」
一般には、己心の魔とは道徳的悪しきものとして理解されている節もありますが
私はそのようなものではないと思っています。固定的な姿ではないもと思います。例えば宗教指導者を志すような人達が、
何故、野盗、詐欺師に勝るとも劣らない。くだらない問題を引き起こし、個人や社会を害するのか? 考えてみれば、
例えとして、心の奥底に宗教人として仲間内から崇められたいとか、尊敬の念を勝ち取りたいと云った類の想い(念)が
存在するからだと思います。商人は多くの金を動かすことが誇りでありましょうが、宗教に於いては誇りとするところの
内容は違いますが、中身は人間皆同じなのです。
勿論それが全てではないにしても、混在していることは間違いないと思います。
しかも、当人はそのことに気付いていないことに問題が有るのです。
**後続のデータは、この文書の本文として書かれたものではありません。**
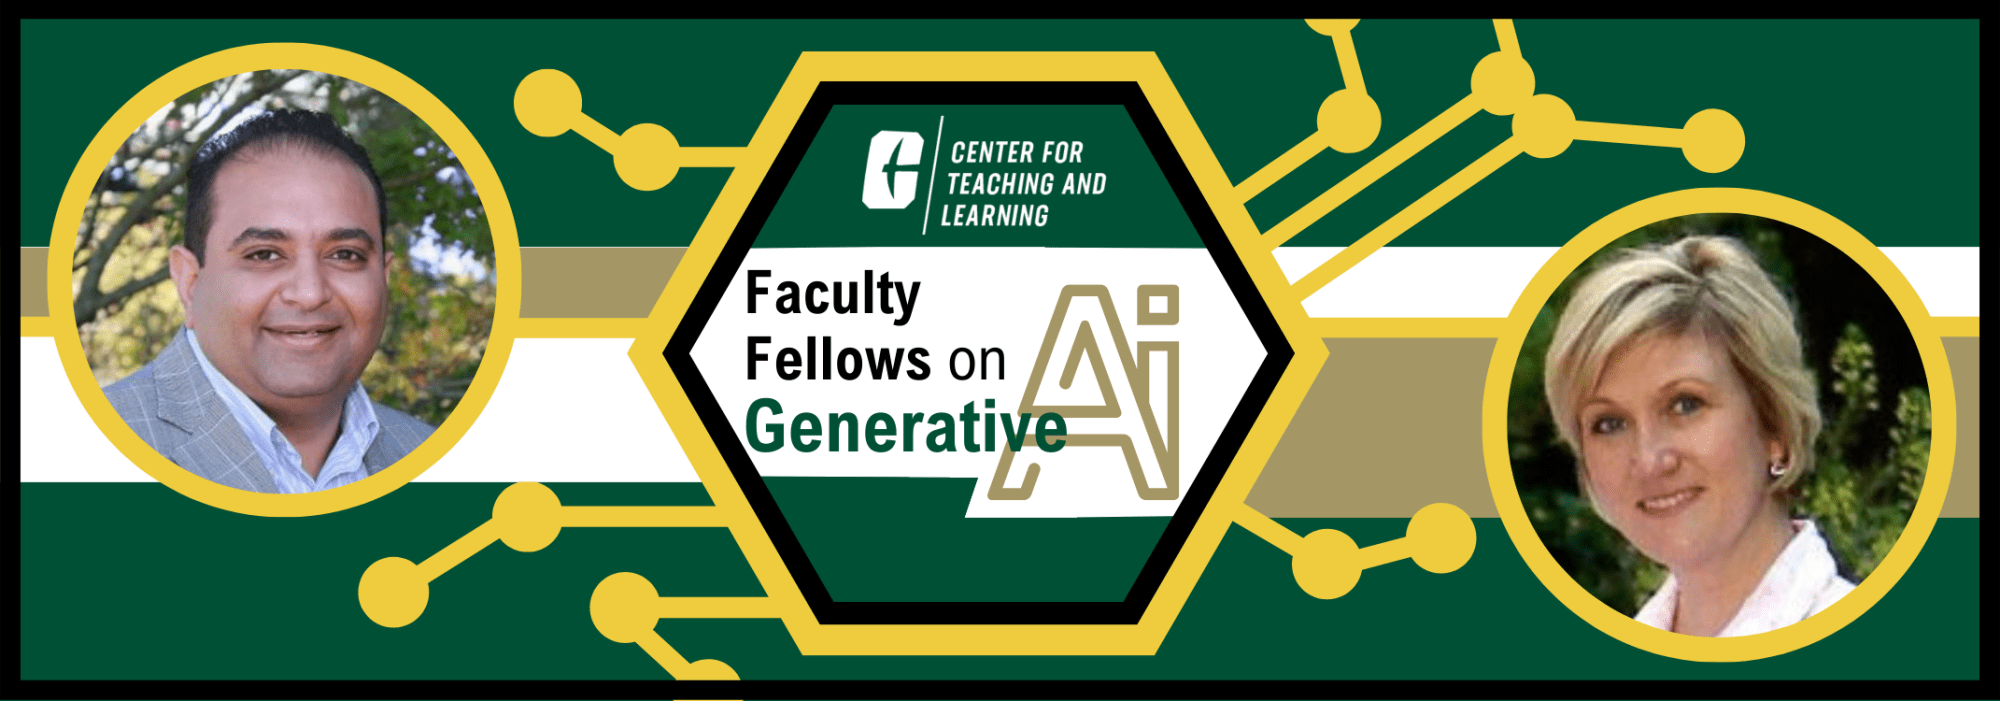 Faculty Fellows graphic

表面意識では世のため人のため、愛をもって
尽くしていると思っているのです。己心の魔が(自分想念の中に有るもの)解かり易く自分以外の存在であると仮定すれば、
自分自身の本当の姿を観えなくさせている存在こそ己心の魔と言えるのです。その己心の魔の介添え要素が、上記例では
虚栄心に基づく自己顕示欲なのです。(自分が人々から崇められたいと思う想念)人々から崇められたいと思う想念が
そのままなら、本人が流されて増上慢になり、いずれは、人々の鼻につき非難されることになるのです。
自覚されていない想念が、実際に行為として形に現れるのはその時なのです。
崇められたいと云う気持ちを阻害された人を害したいと云う念になるのです。そしてこの念は名称を持たず、
特定の形は持ちません(火が燃えるとか、氷が張るとか特定の現象を起こす専用の念ではないという意味)その時その場に応じて
臨機応変に姿、形を変えて現象として現れます。要約すれば、要素・事柄を総合的に管理して操り、人を誤らせたり狂わせる存在
こそ己心の魔なのです。潜在意識に巣くう名称なき念こそ己心の魔であると、理解すればほぼ間違いないと思います。
悟った人を信仰して生きることを考えていただければ、「信仰をもって生きることと、
宗教理念をもって生きること」とは意味が違うことが解かります。